Story S3-06 — Cost-cap path + partial reports

Step: Step 3 — Implement the runner: asyncio fan-out, subprocess rubric, aggregator with BCa bootstrap Status: Ready Effort: M Depends on: S3-02 (aggregator + cancellation surface) ADRs honored: ADR-0002 (lower_bound_95 — complete=False means gate refuses), ADR-0009 (humans-always-merge — partial runs feed advisory verdicts), Gap #4 (partial-report tagging — complete: bool field on BenchRunReport)

Context

When the operator (or CI) sets --max-cost-usd, the aggregator monitors total_cost_usd after each BenchScore lands. If the cap is breached, outstanding worker tasks are cancelled cooperatively, the partial report is tagged complete=False and run_id = f"partial:{...}" (Gap #4), and the audit chain still records the partial run. The promotion gate (S4-04) refuses evidence_sufficient=True on any report with complete=False — so the cost cap becomes a structural reason for a verdict-refusal, not a silent truncation.

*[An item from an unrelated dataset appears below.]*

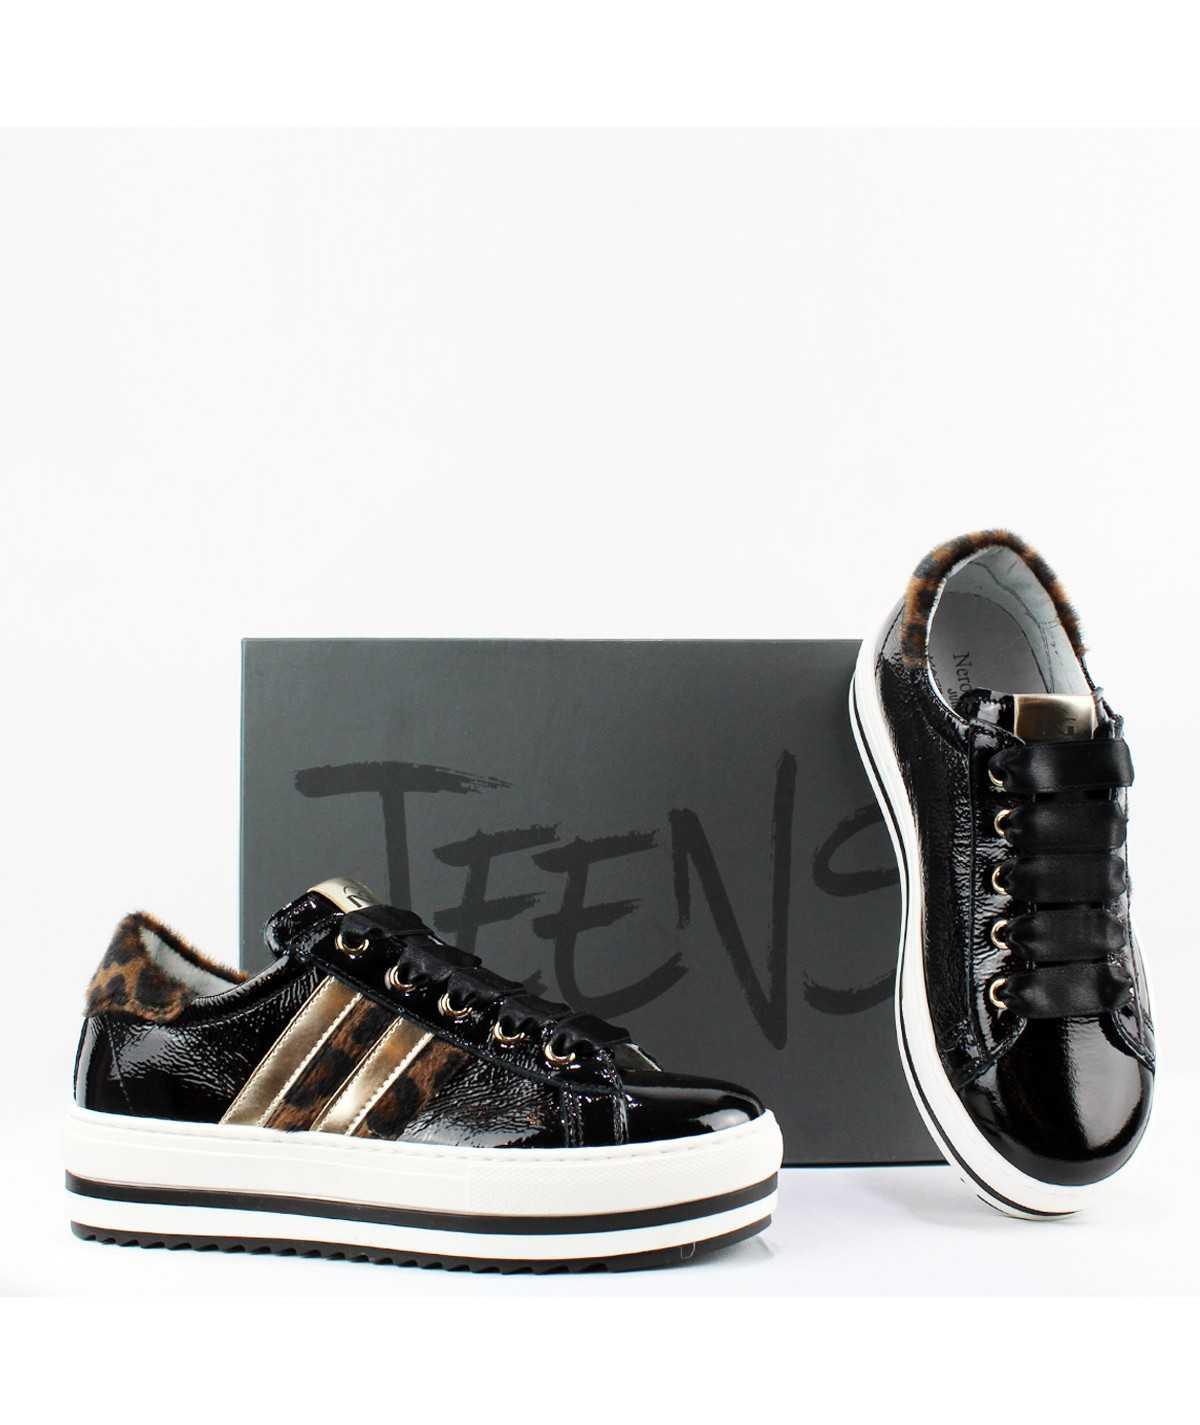 NEROGIARDINI Sneakers 31/34

This is the operationalization of CLAUDE.md "Fail loud": a half-finished run leaves evidence in the chain that it was half-finished. Phase 13's outcome ledger and cost-analysis surfaces can see "we tried, the cap fired" instead of seeing nothing. The CLI surfaces this with exit code 2 (cost-cap exceeded — S4-01 owns the mapping; this story exposes the discriminator).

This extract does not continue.